Does the fact that Judas had to betray Jesus mean that God made him do it?
This text is from a letter written by David Gooding in 1991.
In response to your question:
You say that Judas 'had to betray Jesus'. That is interesting, for the Bible itself nowhere says this. Do you mean to imply that if Judas had not betrayed Jesus, the Jewish high priests would have given up all attempts to have Jesus arrested and killed, because they could not have done it without Judas? How do you know this?
Suppose a tall building stands at a corner where Road A and Road B meet at right angles. Two cars are driving at high speed: one along Road A and the other along Road B, towards the corner. The drivers cannot see each other; but an observer standing on the roof can see both cars, and can see they are going so fast that they will collide.
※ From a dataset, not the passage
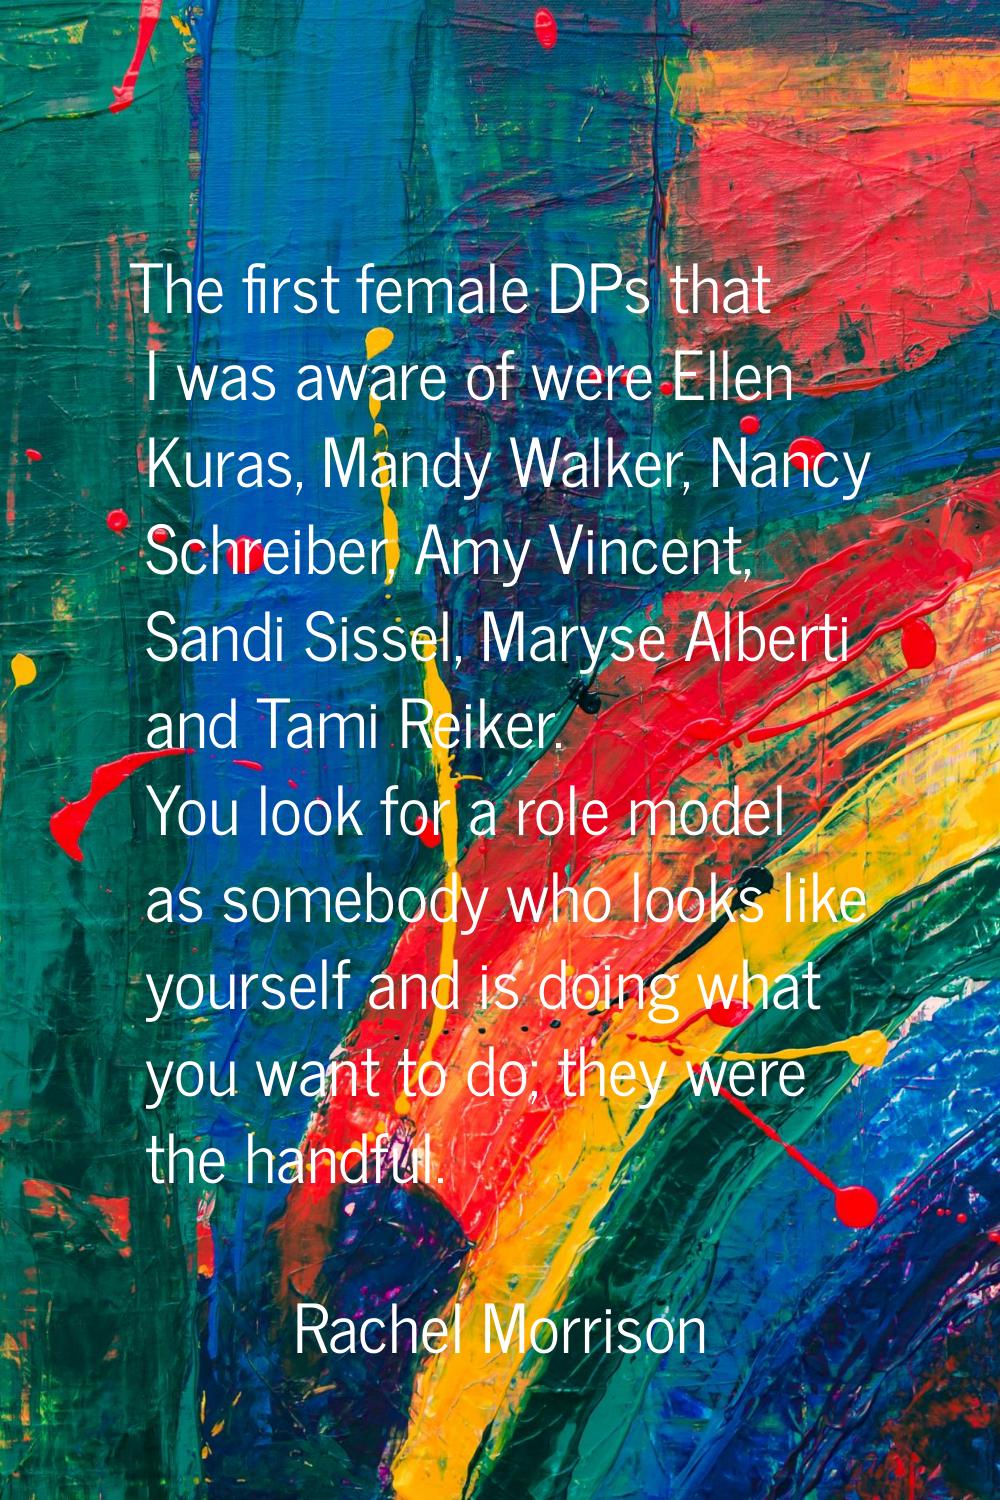 The first female DPs that I was aware of were Ellen Kuras, Mandy Walker, Nancy Schreiber, Amy Vince

Does the fact that the observer can predict that these two cars will collide make them collide? The fact that Jesus knew that Judas was going to betray him does not mean, does it, that Jesus made Judas betray him (see John 6:70–72)?
God could foresee that men were so sinful that they would crucify his Son. Read the parable in Luke 20:9–18; do you think that the owner of the vineyard, by sending his son, made the husbandmen murder his son?
How better could God demonstrate his love than by allowing men to crucify his Son, and by loving them just the same, in spite of it, and by offering them salvation through that death (see Acts 2:23, 38; 3:13–19; Rom 5:7–10)?